_Data excerpt_
================================

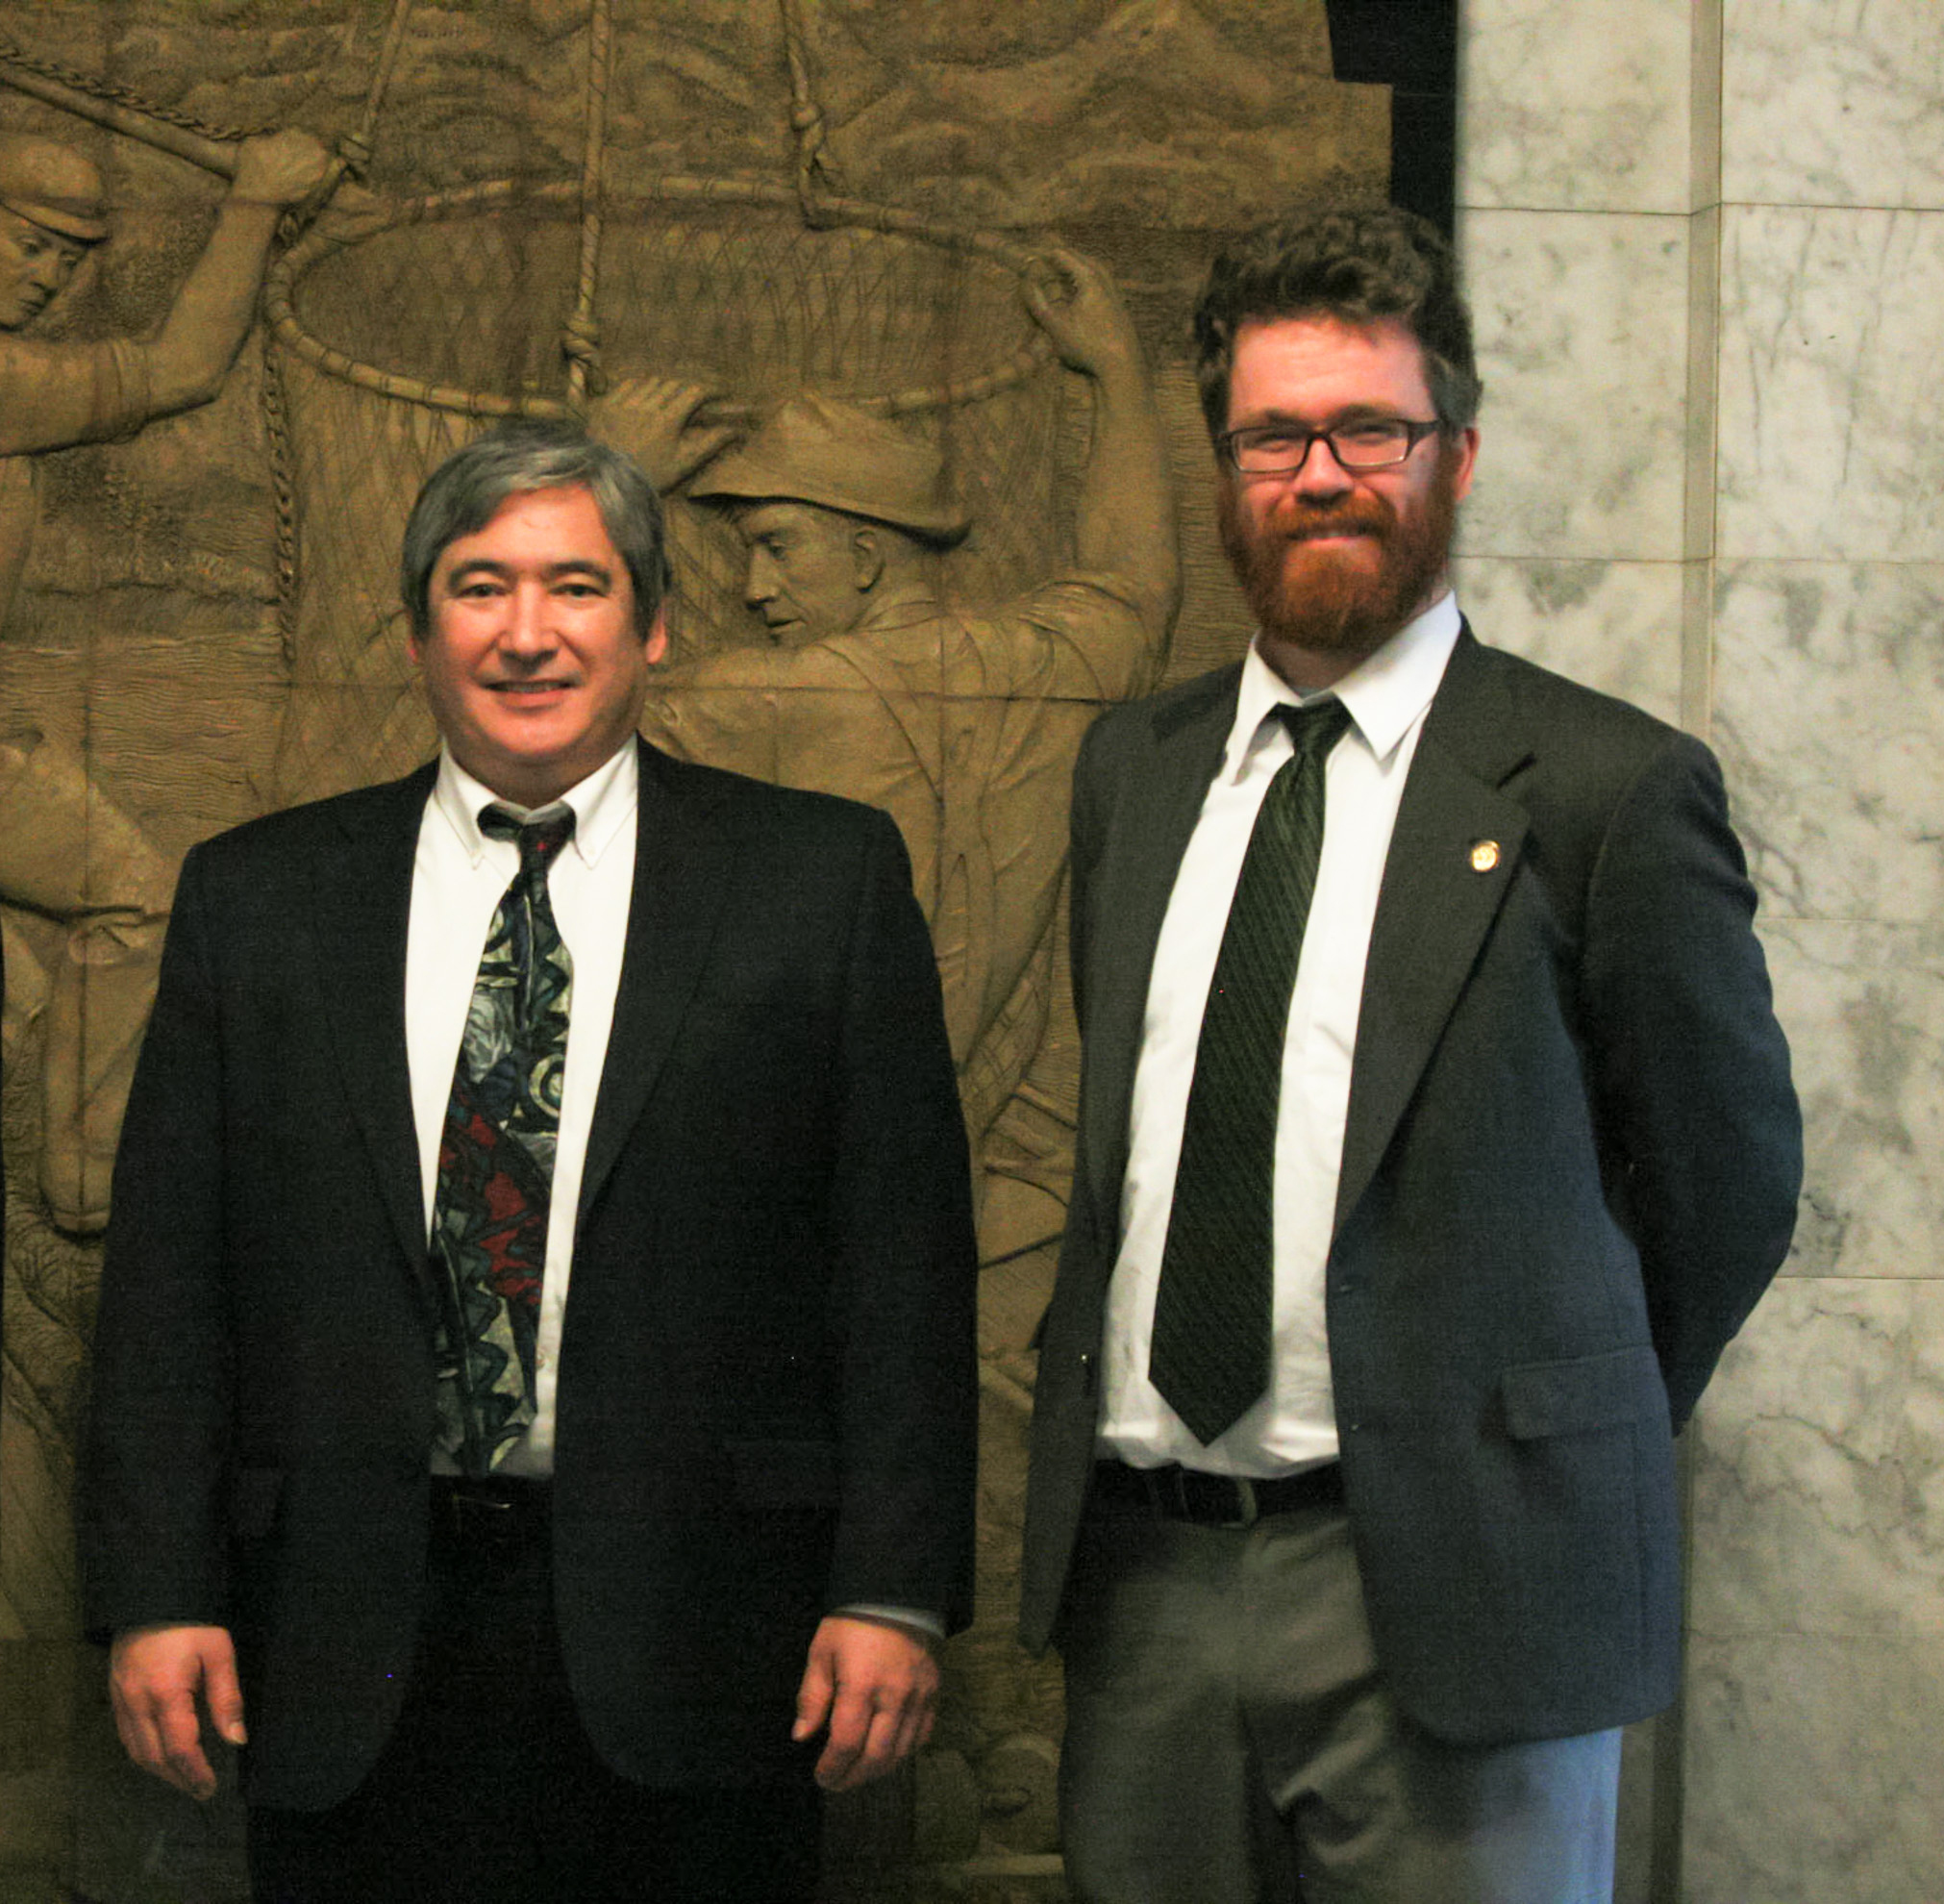 Rep. Sam Kito III (D-Juneau) and Rep. Justin Parish (D-Juneau) stand in the Capitol in February. They both say the Legislature accomplished some good in the legislative session, but has more work to do. (Photo courtesy office of Rep. Sam Kito)
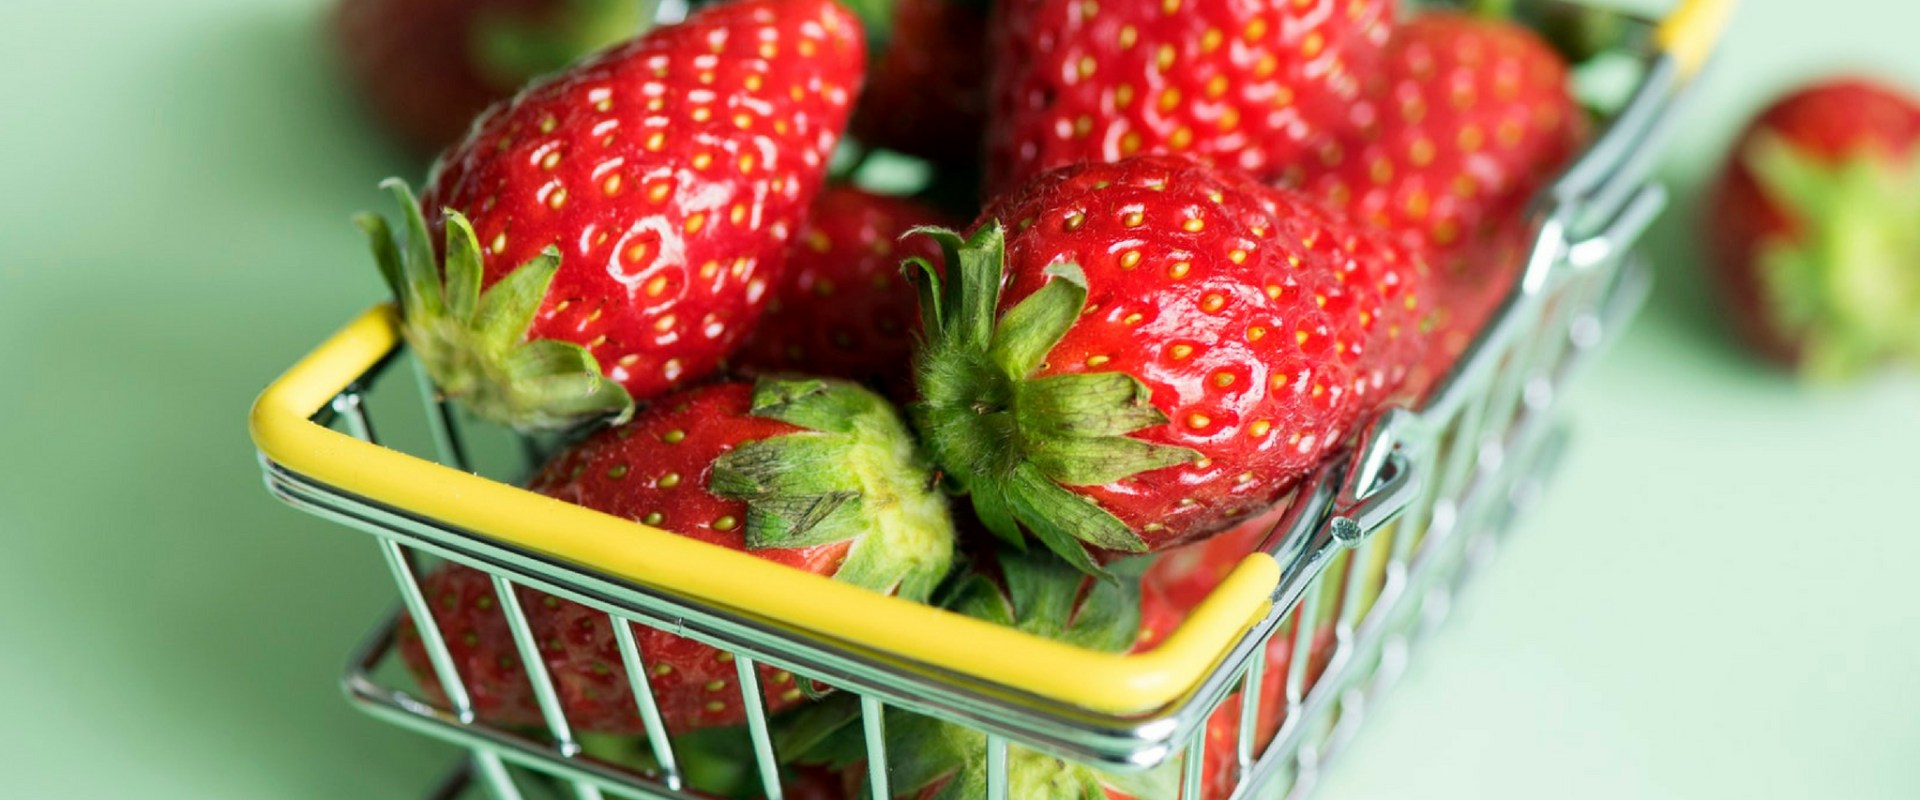 How to Shop Smartly and Sustainably at Grocery Stores
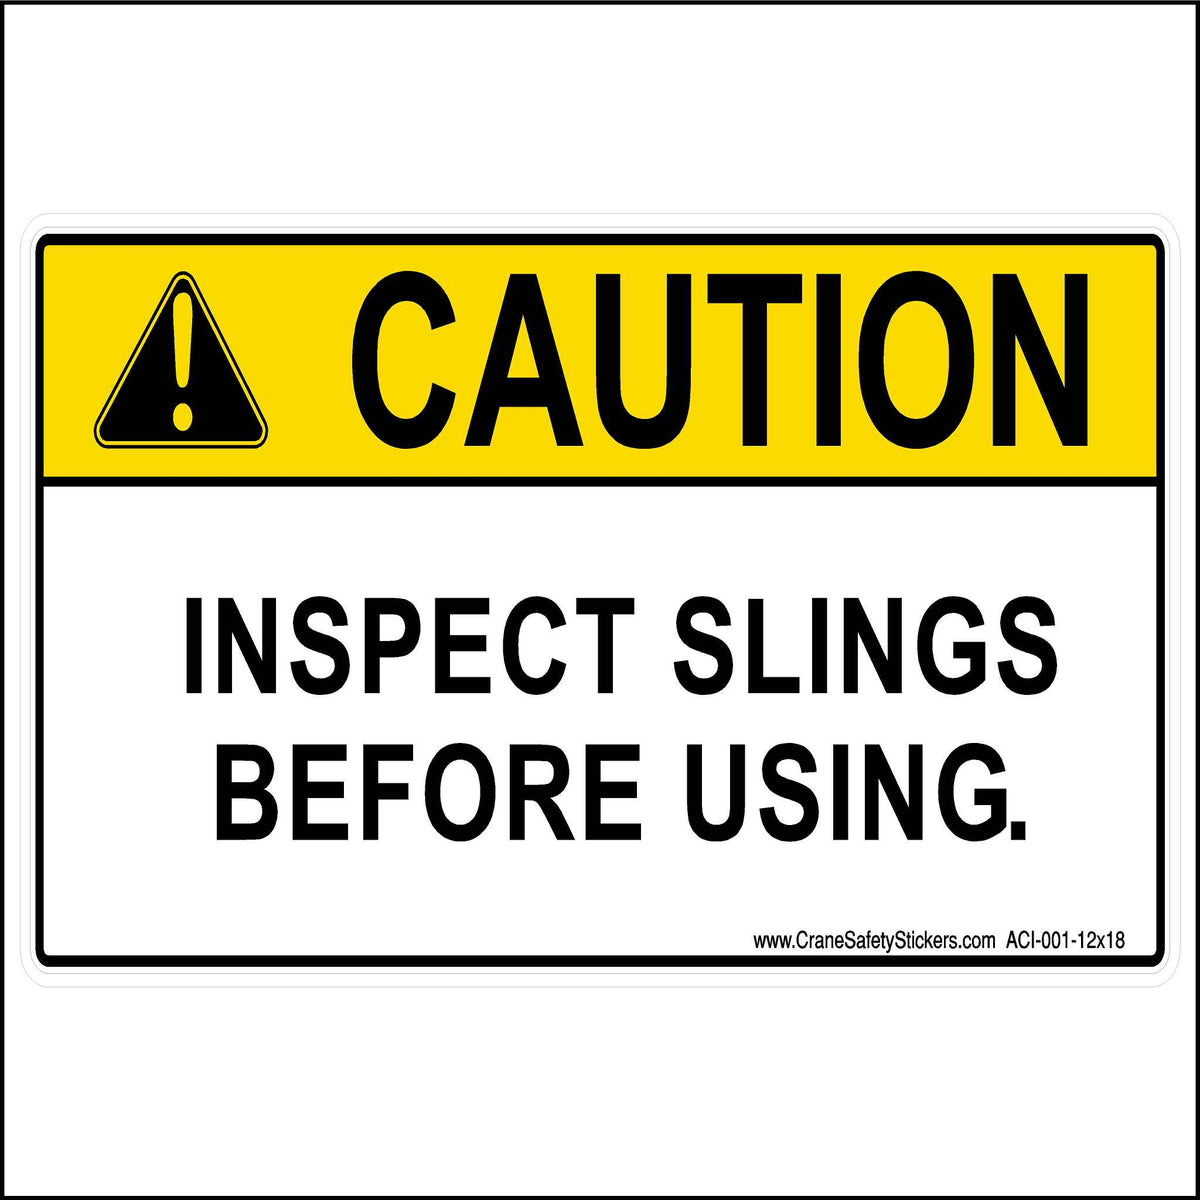 Inspect slings before use safety 12 inches by 18 inches sticker.

================================

_The task_
Once the pictures are set aside, output all of the data above verbatim.

_Problem solution_
 Rep. Sam Kito III (D-Juneau) and Rep. Justin Parish (D-Juneau) stand in the Capitol in February. They both say the Legislature accomplished some good in the legislative session, but has more work to do. (Photo courtesy office of Rep. Sam Kito)
 How to Shop Smartly and Sustainably at Grocery Stores
 Inspect slings before use safety 12 inches by 18 inches sticker.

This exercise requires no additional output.